Place it inside a dir which is easy to access, like: /opt/spark_vastdb
Using the examples below, you will see how a new spark session can be submitted, together with the spark_vastdb jars dir.
Configuring Spark global config with VastDB#
The Spark default config should have the next configuration block, in order to interact with VastDB:
endpoint is the IP address of the VAST Cluster
data_endpoint is the list of all IPs in the Virtual IP pool
#[VastDB]
spark.ndb.endpoint=http://172.19.124.1
spark.ndb.data_endpoints=http://172.19.124.1,http://172.19.124.2,http://172.19.124.3,http://172.19.124.4,http://172.19.124.5,http://172.19.124.6,http://172.19.124.7,http://172.19.124.8
spark.ndb.access_key_id=RW60SSX5SI..
spark.ndb.secret_access_key=/XSDz0N8S2FXuR..
spark.ndb.num_of_splits=8
spark.ndb.num_of_sub_splits=8
spark.ndb.rowgroups_per_subsplit=1
spark.ndb.query_data_rows_per_split=4000000
spark.ndb.retry_max_count=3
spark.ndb.retry_sleep_duration=1
spark.ndb.parallel_import=true
spark.ndb.dynamic_filter_compaction_threshold=100
spark.ndb.dynamic_filtering_wait_timeout=2
spark.sql.catalog.ndb=spark.sql.catalog.ndb.VastCatalog
spark.sql.extensions=ndb.NDBSparkSessionExtension
spark.python.authenticate.socketTimeout=1m
Running the PySpark data-frame insert#
Data-frame Spark write method Apache Spark docs. We are going to use a short PySpark scripts to make it more simple to follow.
Importing multiple Parquet files to VAST-DB table#
A way to run the script :
spark-submit --master spark:master-ip:7077 \
<pyspark_ingest_to_vastdb_df.py> \
<bucket-name> <database-name> <table-name> <files-dir>
The script will loop through all files with ‘parquet’ extension in the directory you have passed (recursively), and will try to read & ingest the retrieved data frame to a VastDB table.
The bucket needs to be created in advance, from the VAST-VMS UI, but Schema & Table names can be created by the script, by passing the names you want.
NOTE : If the Schema and Table is already created, it will append the data to the table, if columns schema match.
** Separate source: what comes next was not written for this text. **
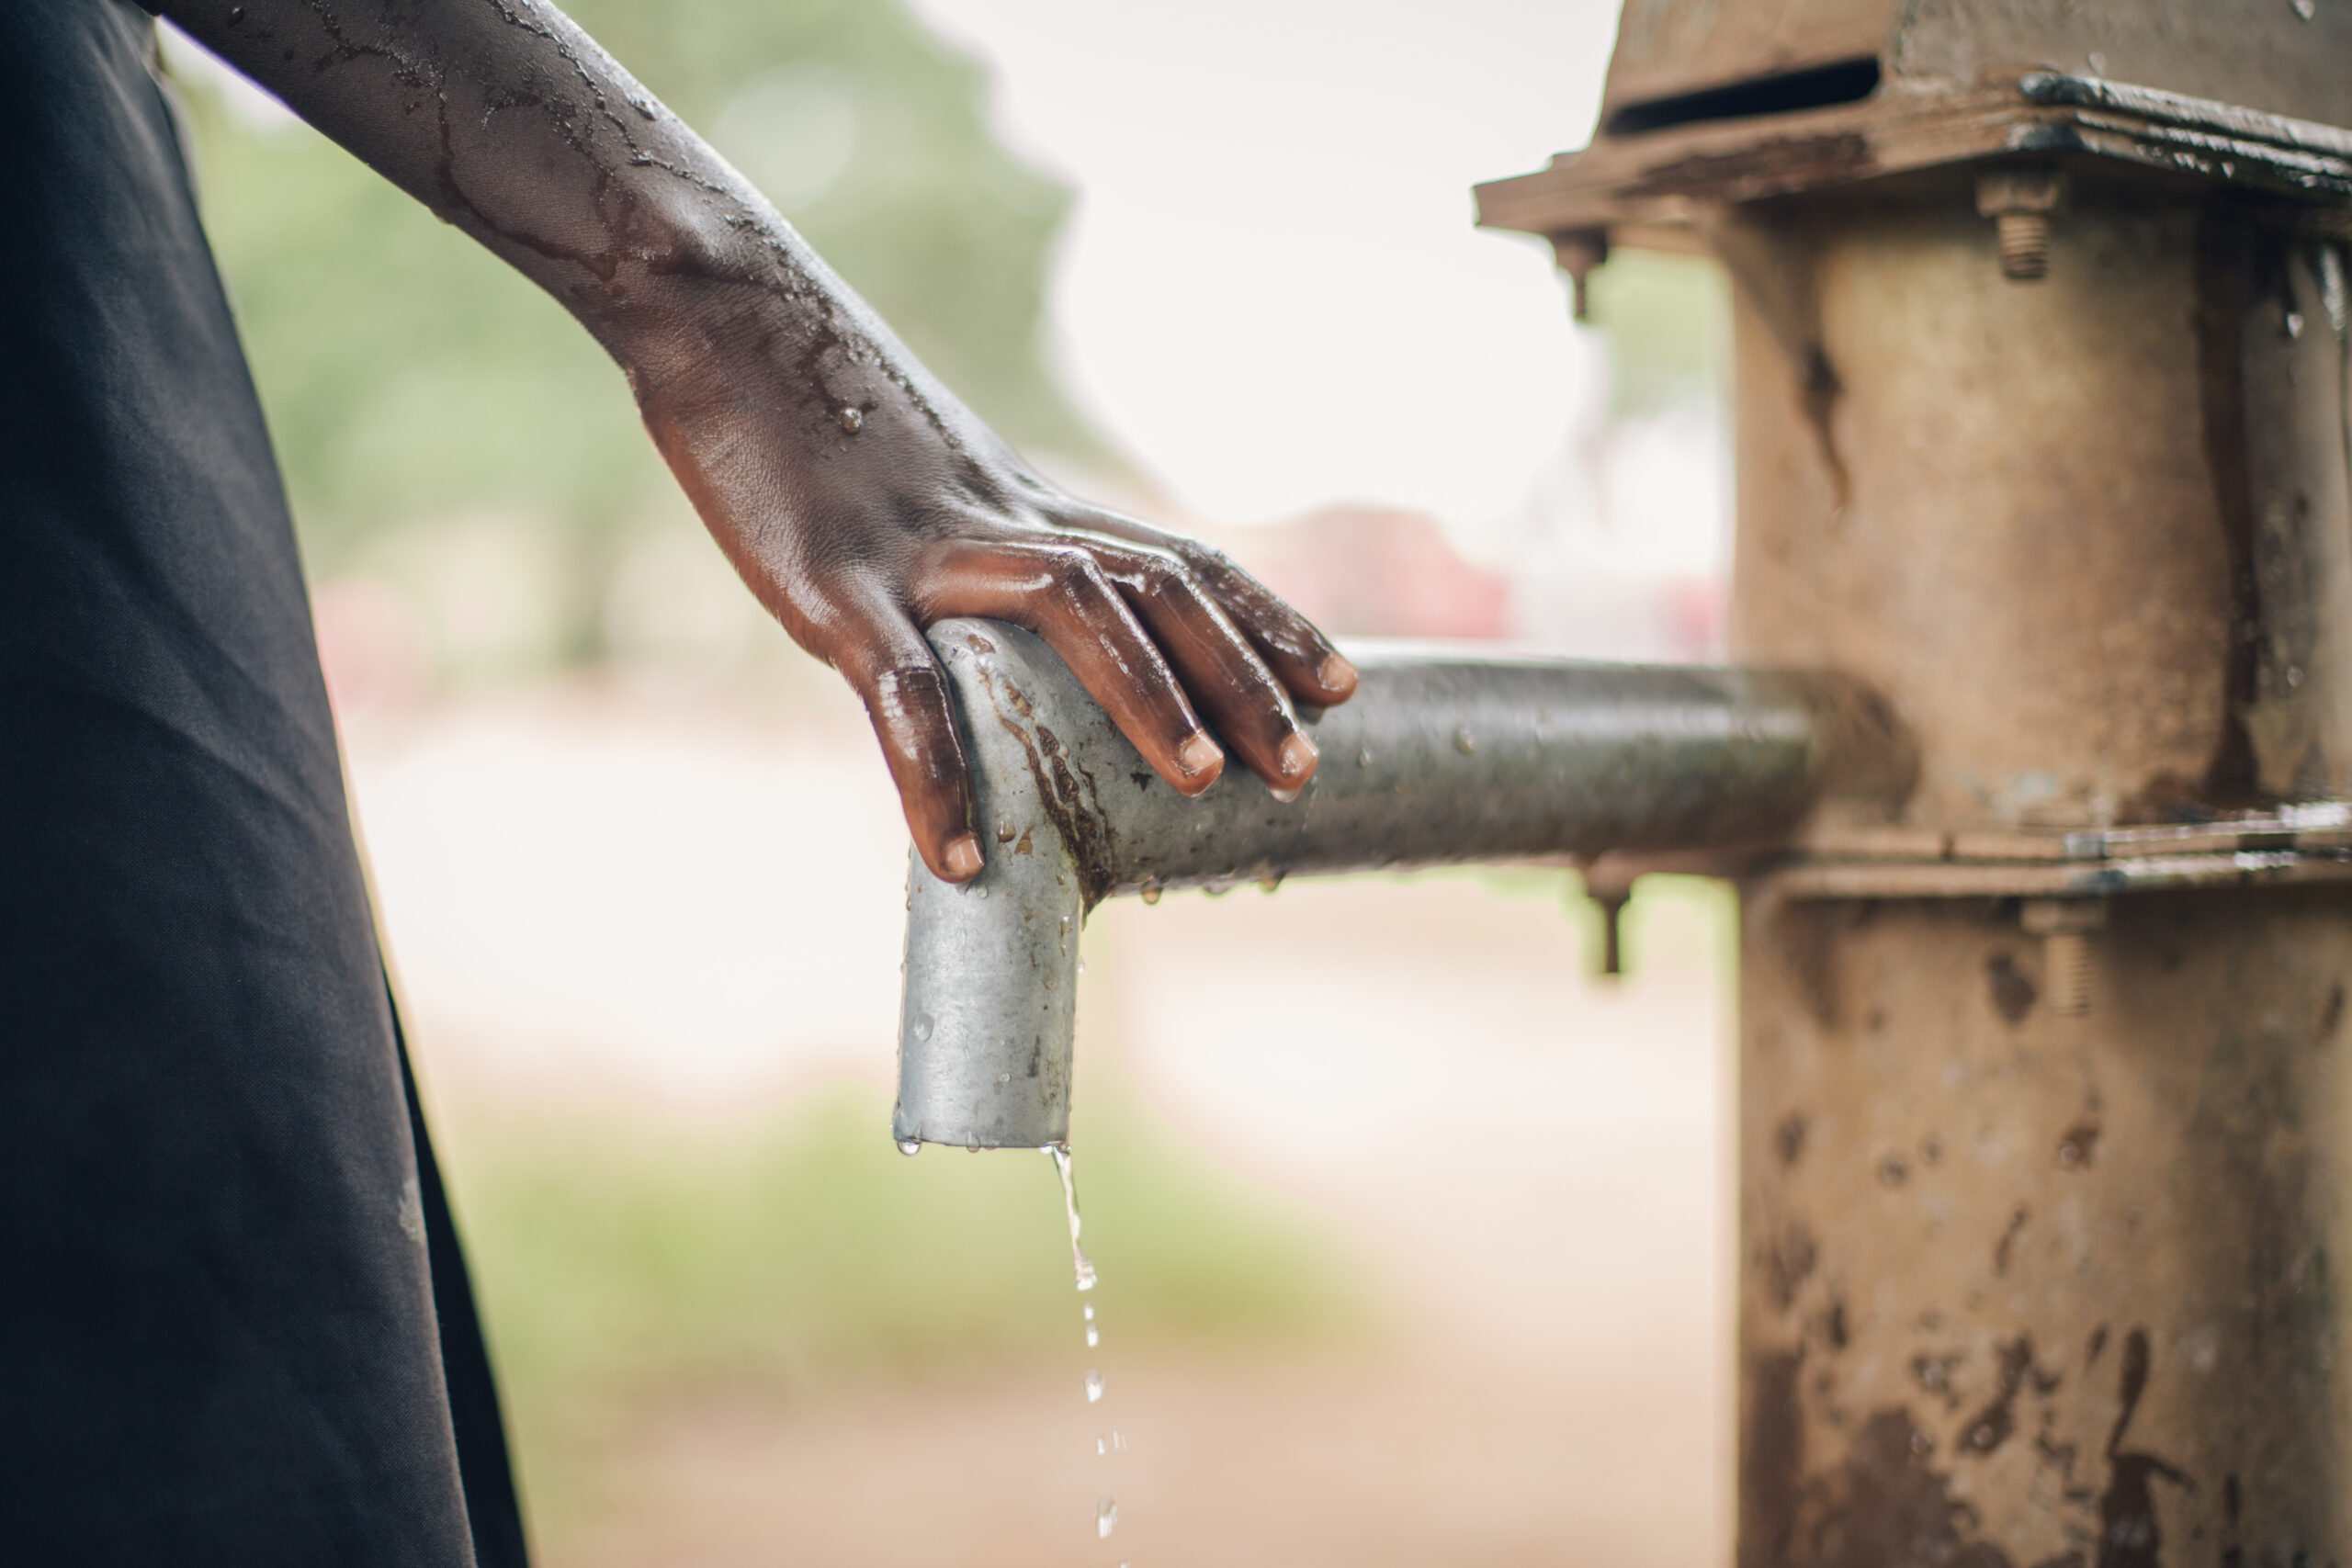 African child places hand on spout of water fountain pump preparing to carry water.
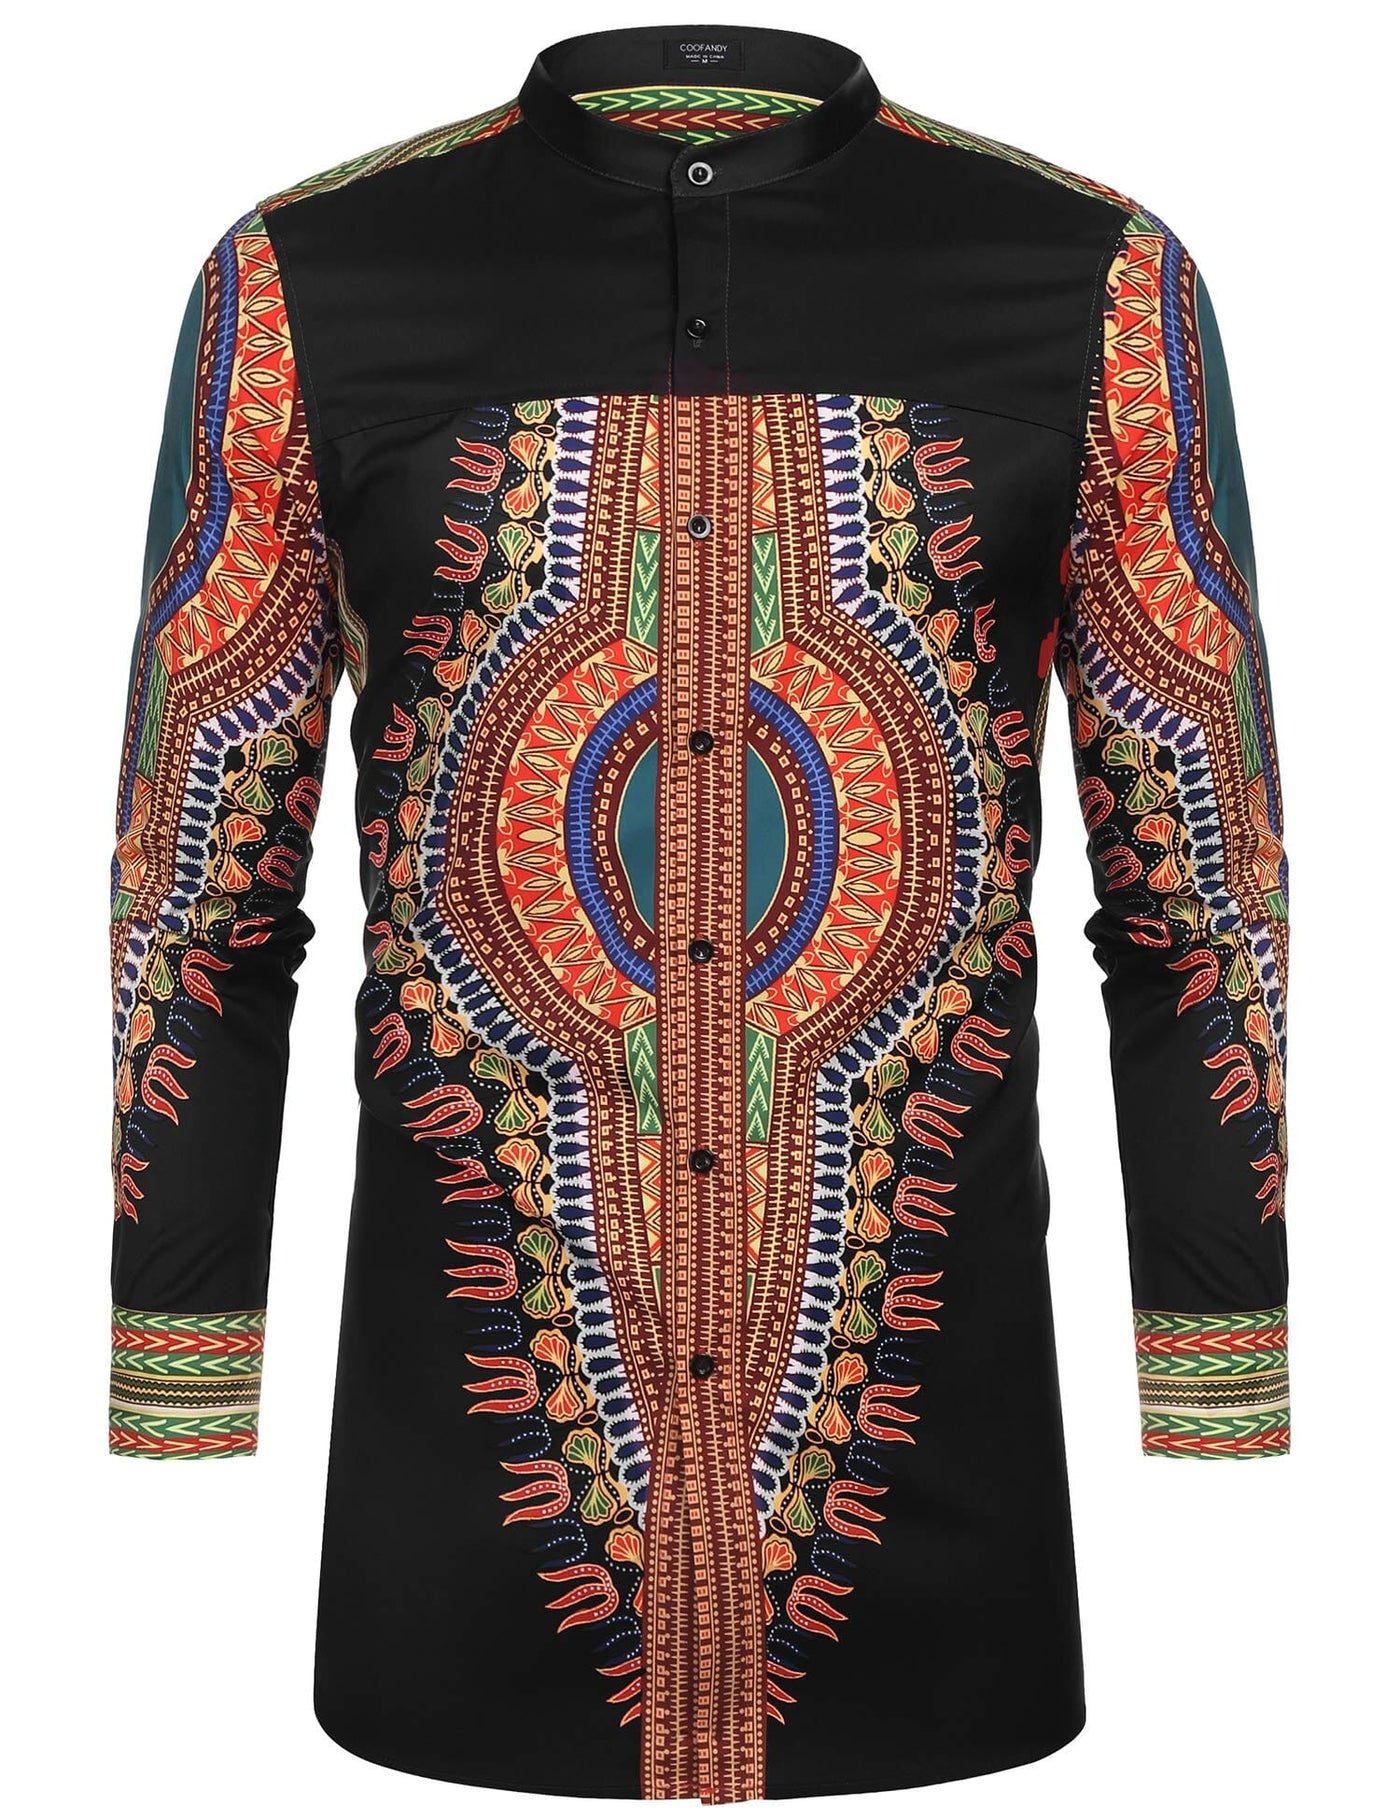 Casual Ethnic Graphic Long Shirt (US Only) Shirts COOFANDY Store Black S

This script is accepting from the user
VAST-DB bucket name
DB/Schema name
Table name
The parquet file path
Absolute path
from pyspark.sql import SparkSession
import sys
import os
import glob
import time
if __name__ == "__main__":
if len(sys.argv) != 5:
print("Usage: spark-submit <pyspark_ingest_to_vastdb_df.py> <bucket-name> <database-name> <table-name> <files-dir>", file=sys.stderr)
exit(-1)
bucket_name, database_name, table_name, files_dir = sys.argv[1:5]
spark = SparkSession.builder \
.appName("PySpark Data Ingestion to VASTDB Catalog") \
.getOrCreate()
# Creating the database (schema)
spark.sql(f"CREATE DATABASE IF NOT EXISTS `ndb`.`{bucket_name}`.`{database_name}`")
# Base directory containing Parquet files
read_directory = files_dir
catalog_table_name = f"`ndb`.`{bucket_name}`.`{database_name}`.`{table_name}`"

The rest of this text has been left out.